Let's say I have a particular date like January 10, 2013
.
I'd like to be able to search a text or html document to see if it contains a reference to that date. I'd like to account for the date being in any of a number of formats, for instance:
1/10/2013
01/10/13
2013-01-10
10-Jan-2013
January 10, 2013
Jan 10, 2013
... should all produce a (+) matching result for January 10, 2013
.
I recognized that swapping the day-month order could be problematic, but I would be willing to accept a false positive result in this case, meaning:
01-10-2013
10-01-2013
... would both be acceptable for January 10, 2013
in my case.
Is there an established algorithm implemented in any language that performs this sort of generalized, but non-trivial, search? My preference would be something in Ruby or JavaScript, but I'd be interested in any well considered example. ADDENDUM #1
I see this code:
def validate_date(date_str)
valid_formats = ["%m/%d/%Y", "%m/%d/%Y %I:%M %P"]
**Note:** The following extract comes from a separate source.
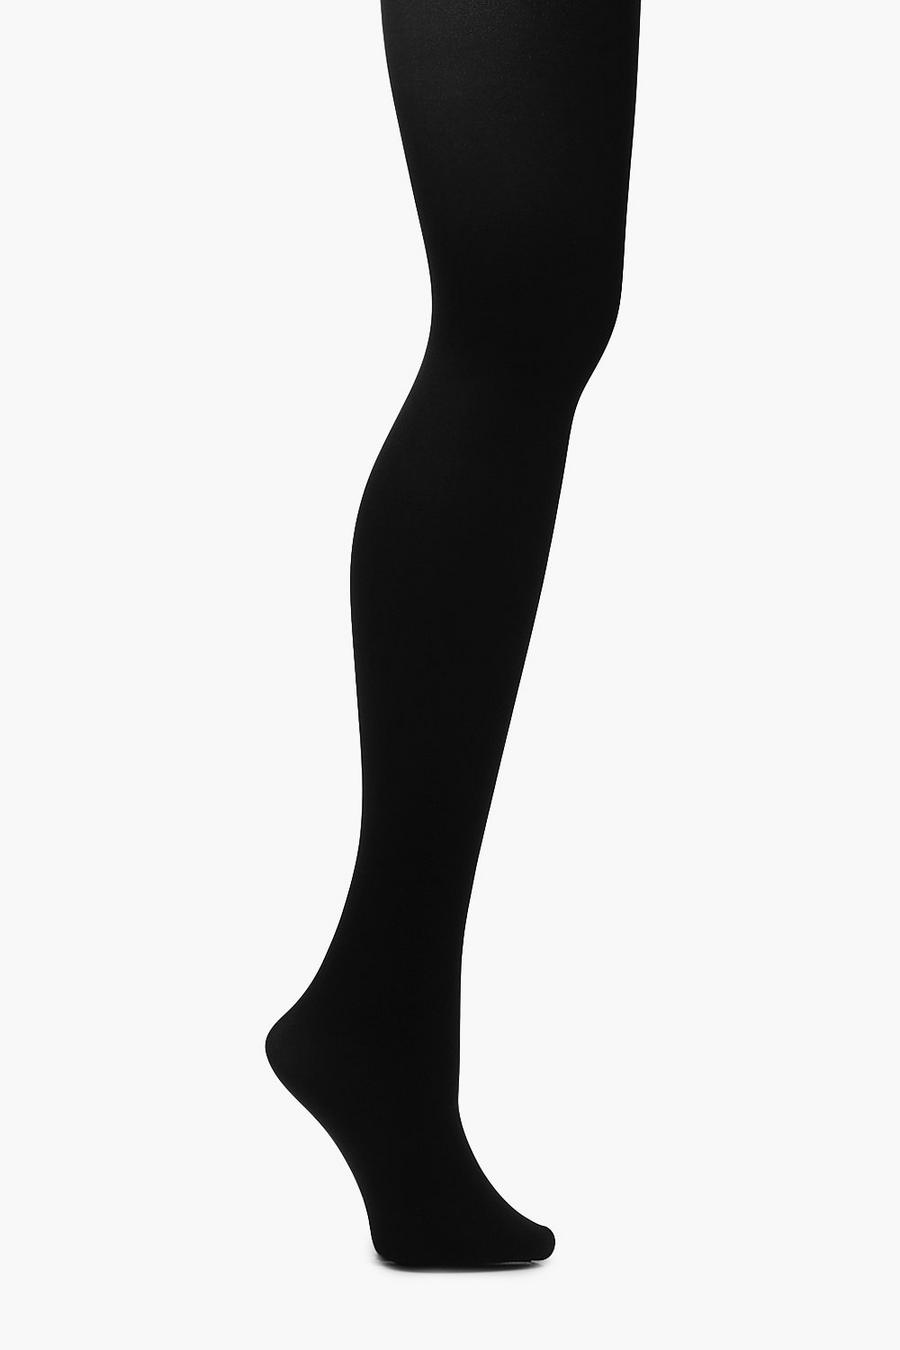 MAWCLOS Ladies Stretch Footed Leggings Workout Opaque Stockings Black-Feet  350g Plus Size

#see http://www.ruby-doc.org/core-1.9.3/Time.html#method-i-strftime for more
valid_formats.each do |format|
valid = Time.strptime(date_str, format) rescue false
return true if valid
end
return false
end
here.
... which would be good way to handle numerical representation of dates. This leaves Month names unaccounted for. With 1, 01, Jan, and January all representing the first month of the year, I am wondering if the large number of permutations has been well handled somewhere else.